Ultimately, Meyer said, collectors are drawn to the work itself. “First and foremost it’s the artwork itself that captures people,” she said. “It’s unusual, or vibrant, or something that really speaks to them. The aesthetic of the work appeals to people. And then once they sort of learn who the artist is, and what Creative Growth is, it can also turn into more long-term support of that artist’s career and the organization. [Collectors] also like the fact that we split the sale with each artist, that they directly support that artist’s work.”

Higgs, who said he still finds the term “outsider art” useful, acknowledged that it becomes problematic when an outsider artist is marketed as someone who “is divorced from or isolated from normal conventional social life.” Creative Growth artists, he remarked, work within a communal space among other working artists.
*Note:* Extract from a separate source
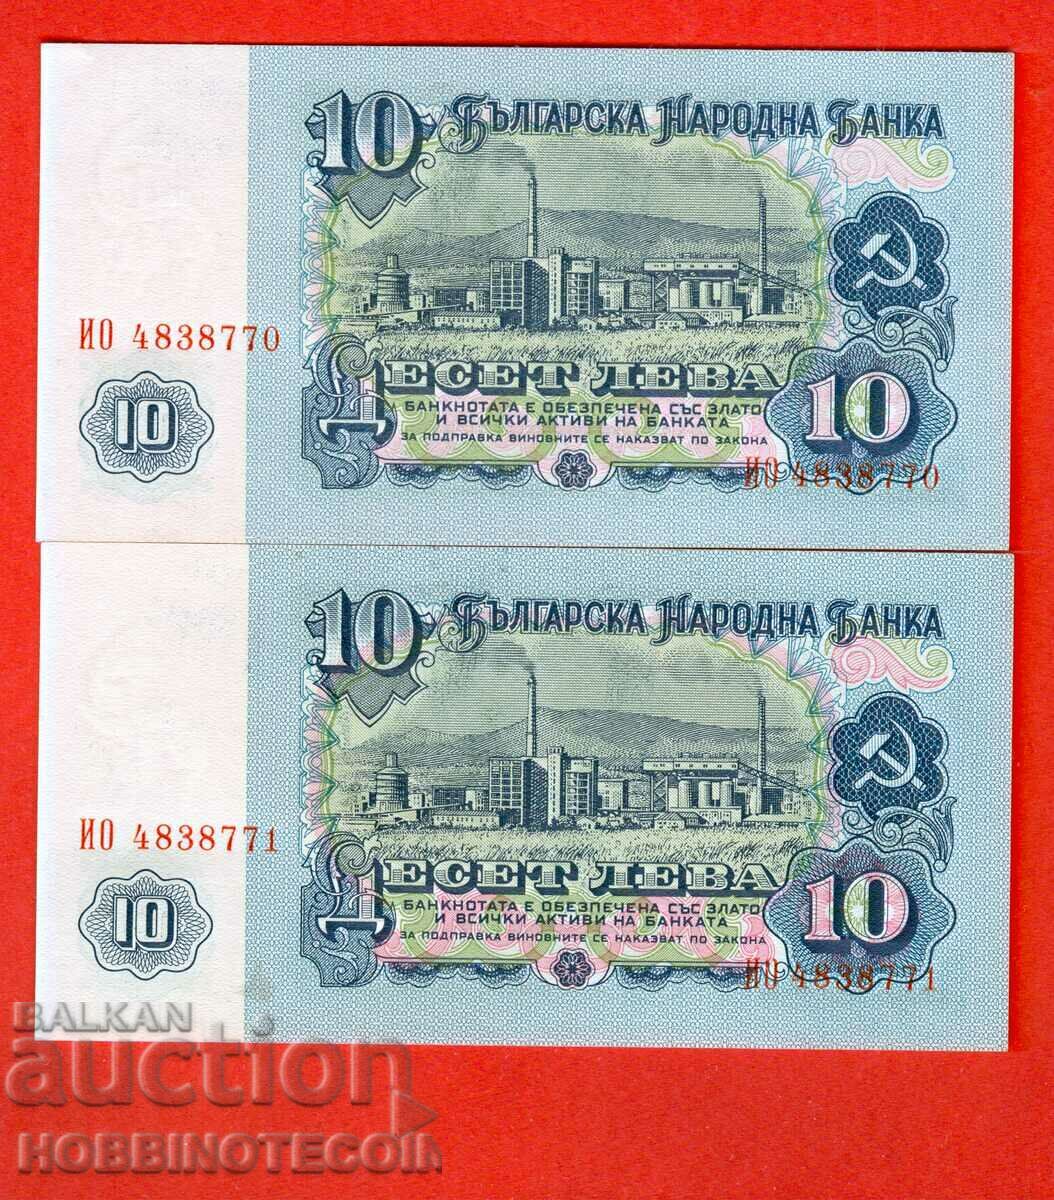 BULGARIA BULGARIA 2 x 10 Leva 7 digits SERIAL NO. 1974 UNC

The outsider artist archetype is clichéd, he continued, and does not account for the varied ways self-taught artists and artists with developmental disabilities work.

“I’m not opposed to the term ‘outsider art,’ because I think it is simply a way of acknowledging difference,” Higgs explained. “One of the things we need to do more of is support difference, and to support artists who have unconventional histories, artists who historically might not have had access.”

Both Meyer and Higgs stressed the quality of the work by artists with developmental disabilities as the primary motivating factor for collectors. “Because these are self-taught artists and considered largely emerging in the contemporary art world, there is an allure of the discovery,” said Meyer. “[Collectors] are just taken by the artwork.”